Aim of the task
In the entries that follow, find the line containing "Salón comedor con" and the line containing "Água de pulverização", then copy exactly everything from the first through the second except the pictures.

Available records
--- --- ---

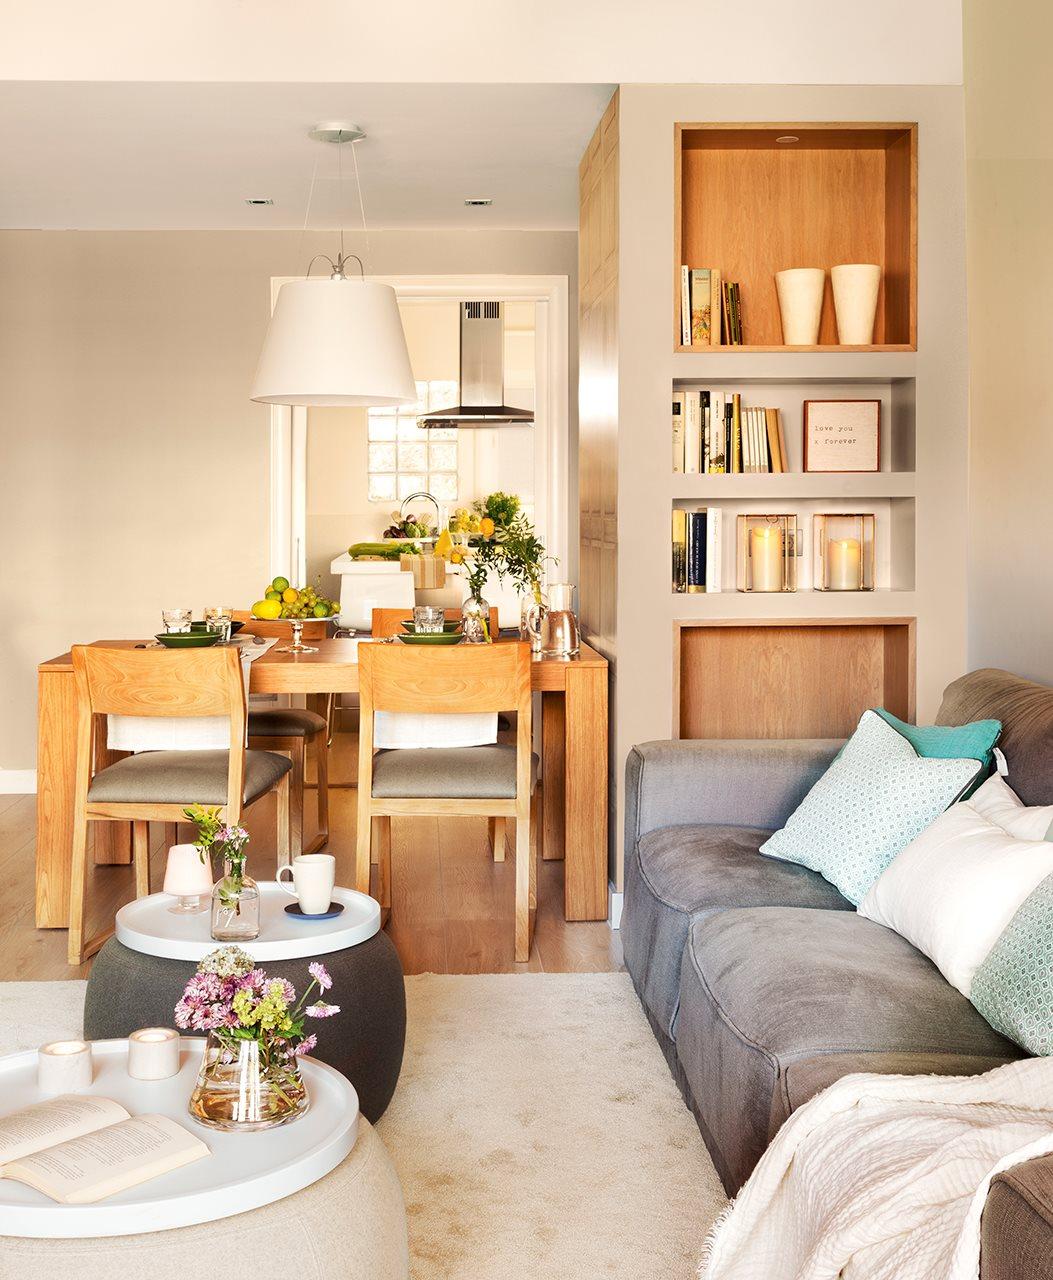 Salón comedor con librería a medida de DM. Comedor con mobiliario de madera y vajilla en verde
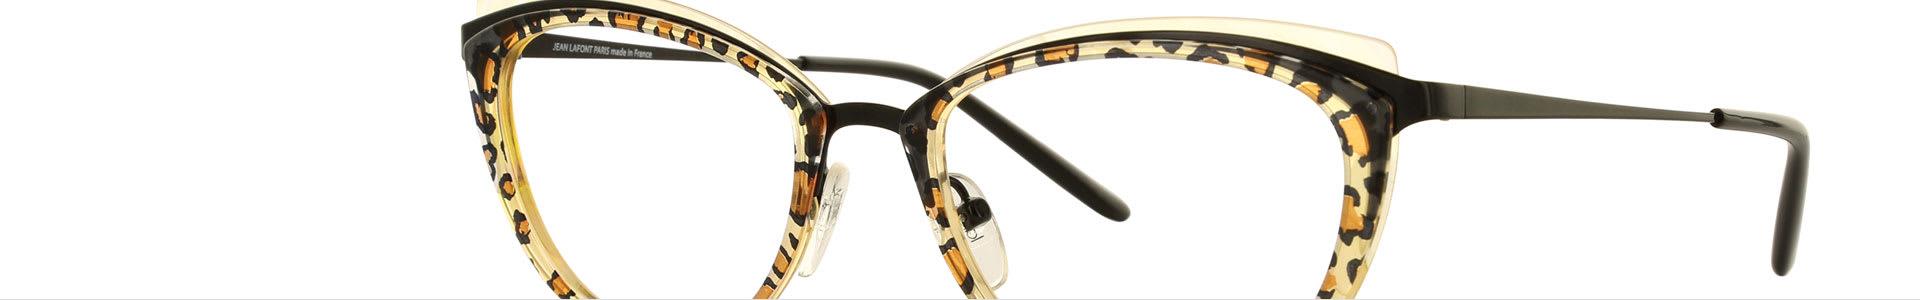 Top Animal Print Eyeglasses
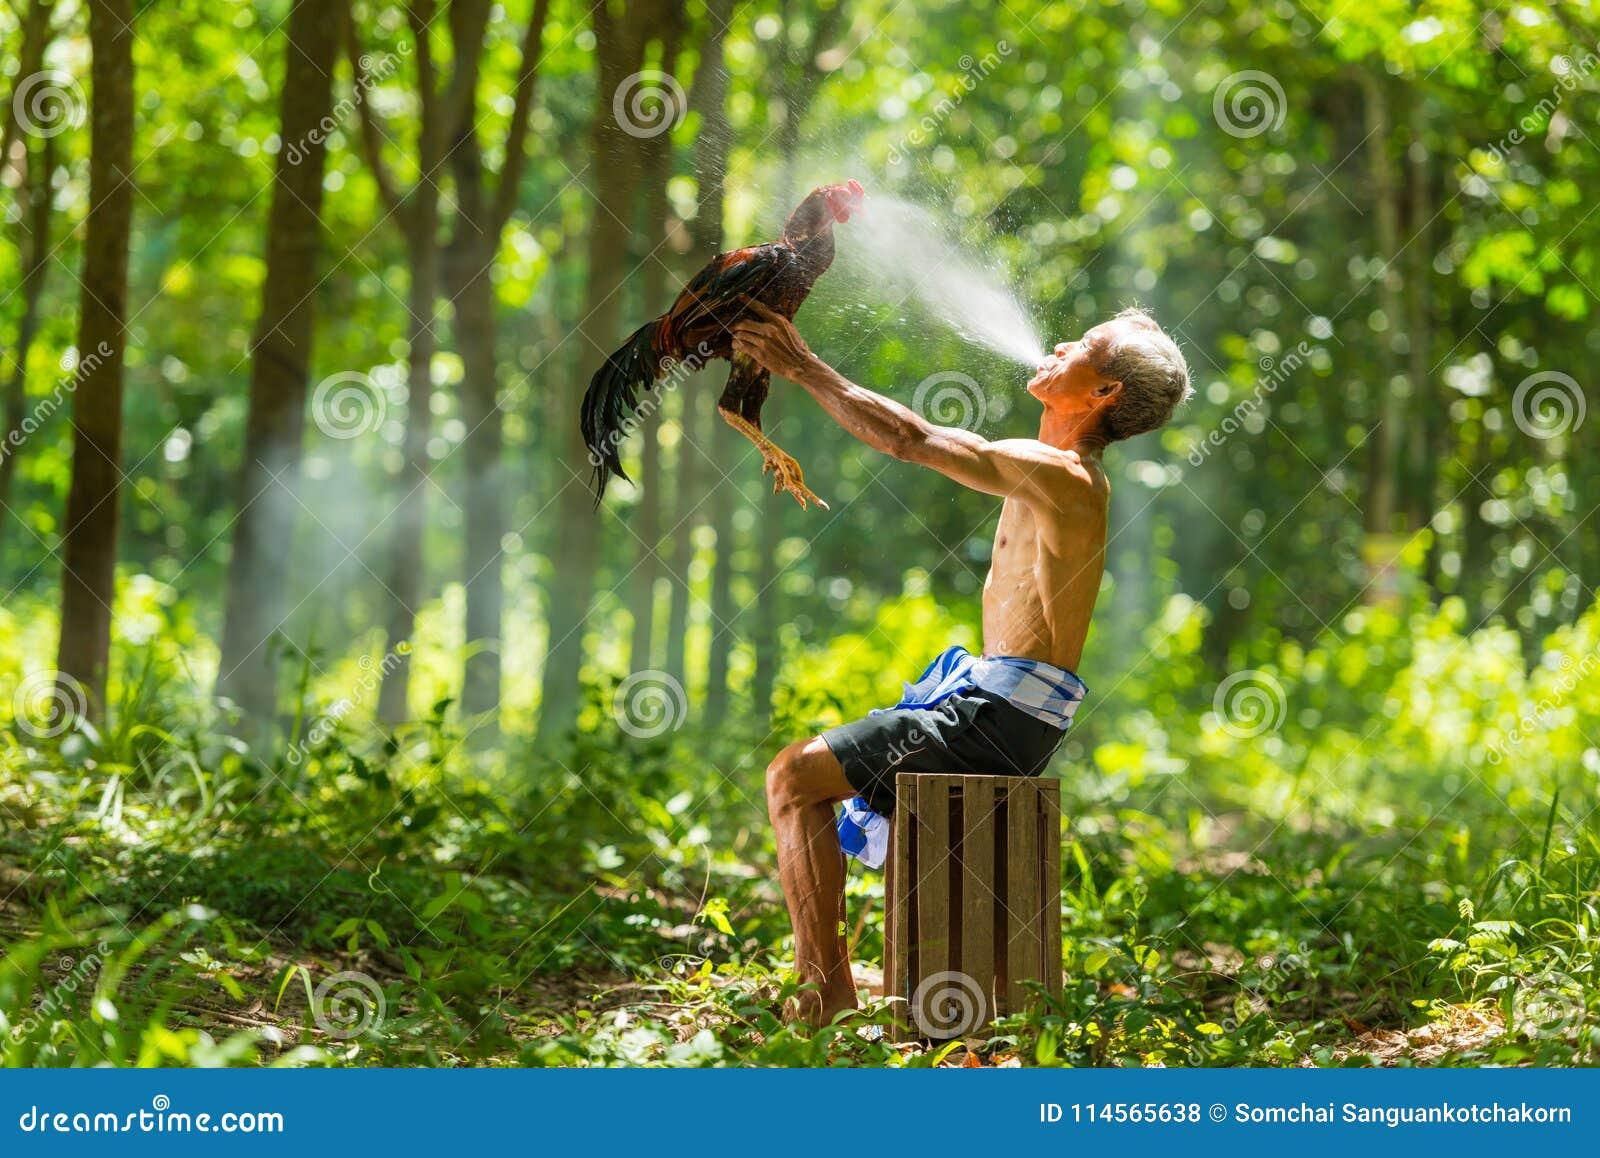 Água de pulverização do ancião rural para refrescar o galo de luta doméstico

--- --- ---

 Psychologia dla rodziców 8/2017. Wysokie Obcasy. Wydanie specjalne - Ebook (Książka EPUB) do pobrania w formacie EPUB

--- --- ---

Problem solution
 Salón comedor con librería a medida de DM. Comedor con mobiliario de madera y vajilla en verde
 Top Animal Print Eyeglasses
 Água de pulverização do ancião rural para refrescar o galo de luta doméstico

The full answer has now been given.